GitHack: Weaponizing Exposed .git Folders to Reconstruct Source Code
Hook
Over 3,500 developers have starred a tool that can steal your entire source code from a single misconfigured nginx directive. If your production server exposes a .git folder, an attacker needs just minutes to download your intellectual property.
Context
Web developers routinely deploy applications by cloning Git repositories directly onto production servers or using Git-based deployment pipelines. The .git folder contains the complete history of your project, including every file, commit message, and even secrets accidentally committed then removed. When web servers aren't configured to block access to dotfiles, this treasure trove becomes publicly accessible.
The problem is deceptively simple: a developer runs git clone in their web root, forgets to add a deny rule for .git in their nginx or Apache configuration, and suddenly anyone who appends /.git/config to the domain gets a readable file. Traditional security scanners might flag this, but they don't demonstrate the true impact. GitHack bridges that gap by automating the complete reconstruction of your source code, turning a theoretical vulnerability into downloaded Python files, database schemas, and API keys in seconds.
Technical Insight
GitHack's elegance lies in understanding Git's internal storage mechanism. Git doesn't store files as files—it stores them as content-addressable objects using SHA1 hashes. The .git/index file acts as a manifest, mapping file paths to their corresponding object hashes. GitHack exploits this by parsing the index, extracting the hash list, and methodically downloading each object from .git/objects/.
The tool uses the gin library to parse Git's binary index format, which is a complex structure containing cached file metadata. Once parsed, GitHack has a complete map of what files exist and their SHA1 identifiers. Here's how it reconstructs a file:
import zlib
import requests
def download_object(base_url, sha1_hash):
# Git stores objects in .git/objects/ab/cdef123... format
# First 2 chars of SHA1 = directory, rest = filename
dir_name = sha1_hash[:2]
file_name = sha1_hash[2:]
object_url = f"{base_url}/.git/objects/{dir_name}/{file_name}"
response = requests.get(object_url)
if response.status_code == 200:
# Git objects are zlib-compressed
decompressed = zlib.decompress(response.content)
# Format: "blob <size>\0<content>"
null_byte = decompressed.index(b'\0')
file_content = decompressed[null_byte + 1:]
return file_content
return None
This approach is bandwidth-efficient because GitHack only downloads the exact objects referenced in the index, not the entire .git folder.
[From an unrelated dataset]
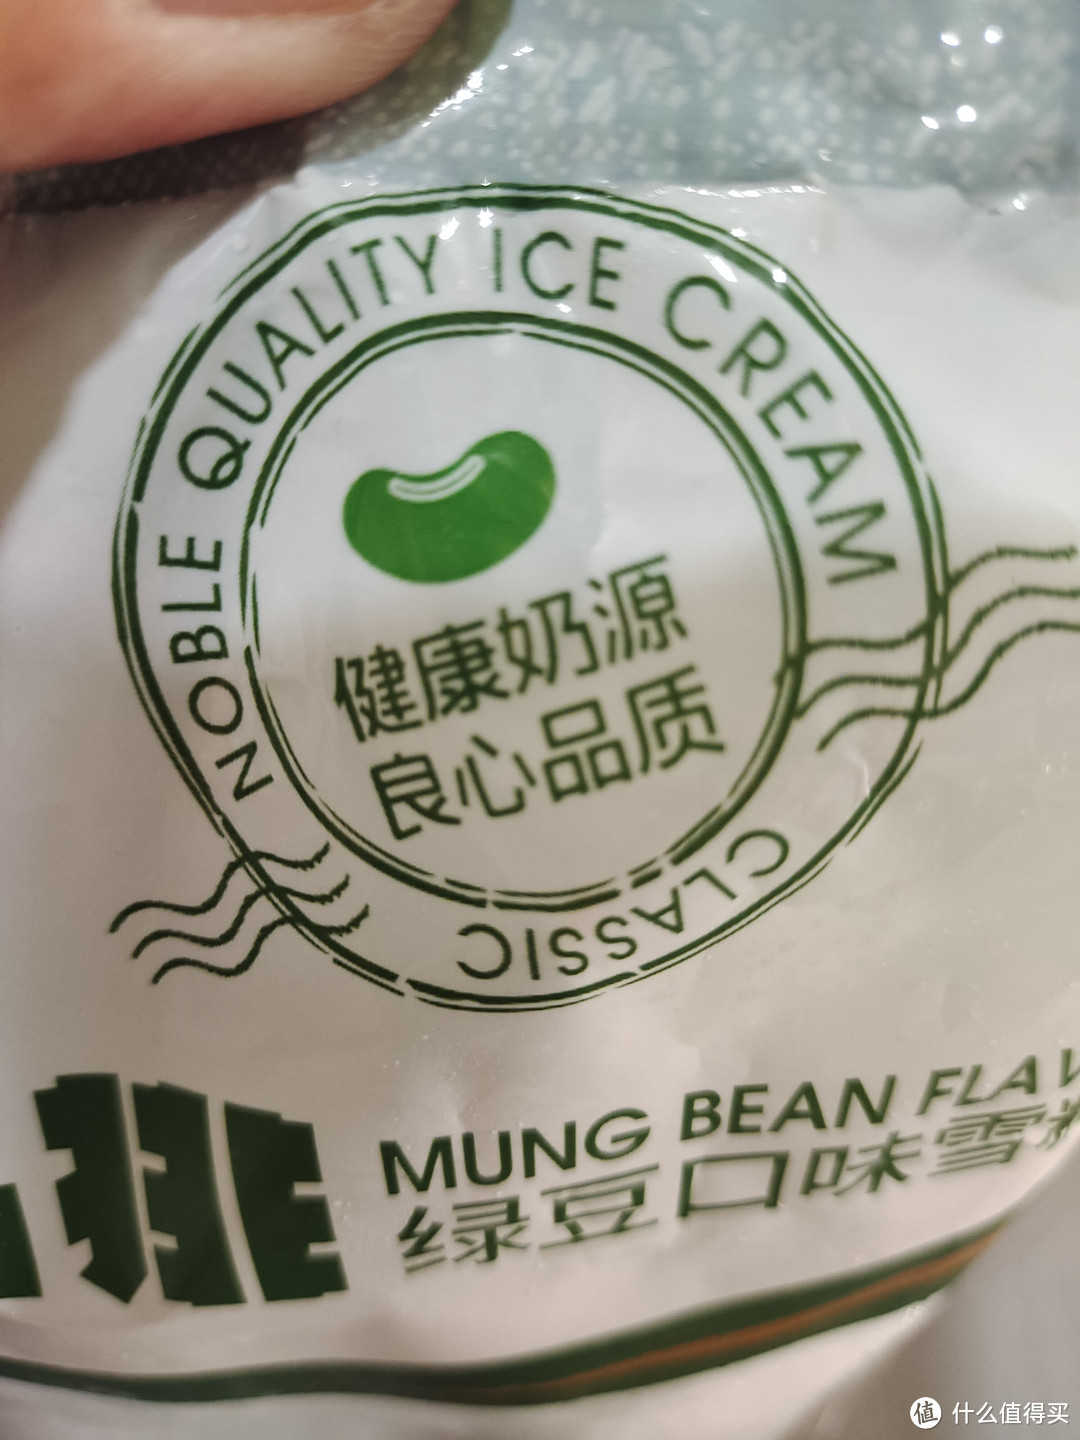 炎热的夏天怎么少的了好吃的绿豆冰棍呢
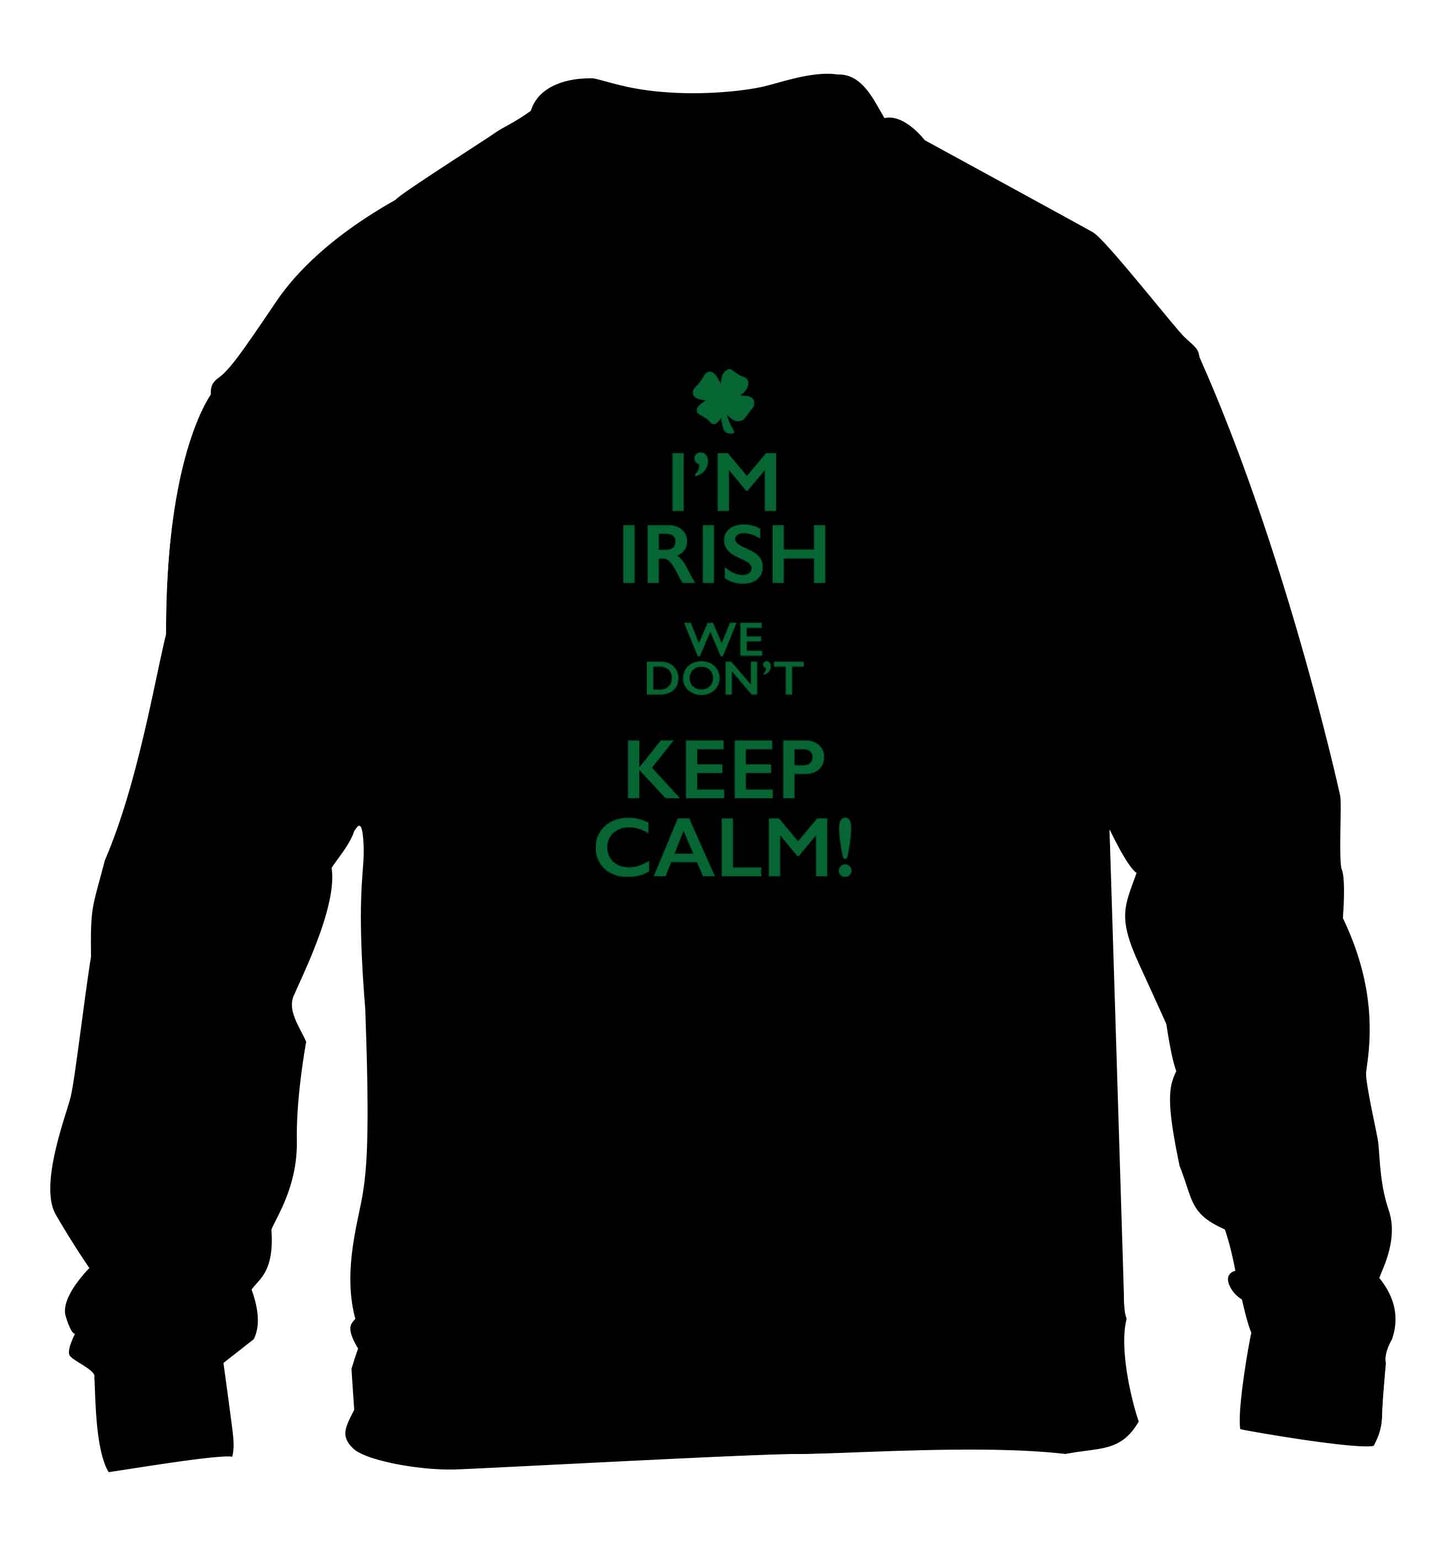 I'm Irish we don't keep calm children's black sweater 12-13 Years

On a typical web application with hundreds of files, this might mean downloading 50MB instead of potentially gigabytes of Git history.
The tool also handles Git's directory structure intelligently. Git doesn't store directories as separate entities—only files with paths. GitHack reconstructs the directory tree by parsing file paths from the index and creating directories as needed before writing file contents. This means a path like src/api/handlers/user.py automatically creates the nested folder structure.
One particularly clever aspect is how GitHack handles concurrent downloads. Modern web servers can handle dozens of simultaneous connections, and since each object is independent, the tool parallelizes requests. This transforms what could be a 10-minute sequential download into a 30-second operation.
The vulnerability GitHack exploits isn't hypothetical. A 2022 security audit of the tool itself revealed an arbitrary file write vulnerability where a malicious web server could send crafted responses causing GitHack to write files outside the intended directory. This was patched by validating that reconstructed paths don't contain directory traversal sequences like ../. The irony of a security tool having security vulnerabilities underscores an important principle: never run untrusted penetration testing tools with elevated privileges.
Gotcha
GitHack only works on the current index state—it can't recover deleted files or browse commit history. If a developer committed AWS credentials, then removed them in a subsequent commit, GitHack won't find them unless you can access .git/logs or enumerate commit objects directly. This is both a limitation and a feature boundary; the tool focuses on quick wins rather than comprehensive Git forensics.
The tool also fails silently when servers implement rate limiting or IP blocking. After a few hundred rapid requests to .git/objects/, many WAFs (Web Application Firewalls) will detect the pattern and block your IP. GitHack doesn't include built-in retry logic or rate limiting, so you'll need to wrap it with your own request throttling if you're testing a hardened target. Additionally, some servers return 200 OK with error HTML instead of proper 404s, which can cause GitHack to write garbage data and fail during decompression. Always validate the reconstructed files manually rather than assuming completeness.
Verdict
Use if: You're conducting authorized penetration tests and need to quickly demonstrate the severity of .git folder exposure to clients who think "it's just configuration files." GitHack proves that misconfiguration equals total source code disclosure in a way that writes a compelling finding. Also use it when you're auditing your own infrastructure and want to verify that your nginx deny rules actually work before an attacker tests them. Skip if: You need to analyze Git history or recover deleted commits—just download the entire .git folder with wget and use standard Git commands instead. Also skip if you're dealing with modern cloud platforms like Vercel or Netlify that never expose .git folders by design; the vulnerability simply doesn't exist in those environments. Finally, skip if you don't have explicit written authorization—reconstructing source code without permission crosses from security research into legal liability territory in most jurisdictions.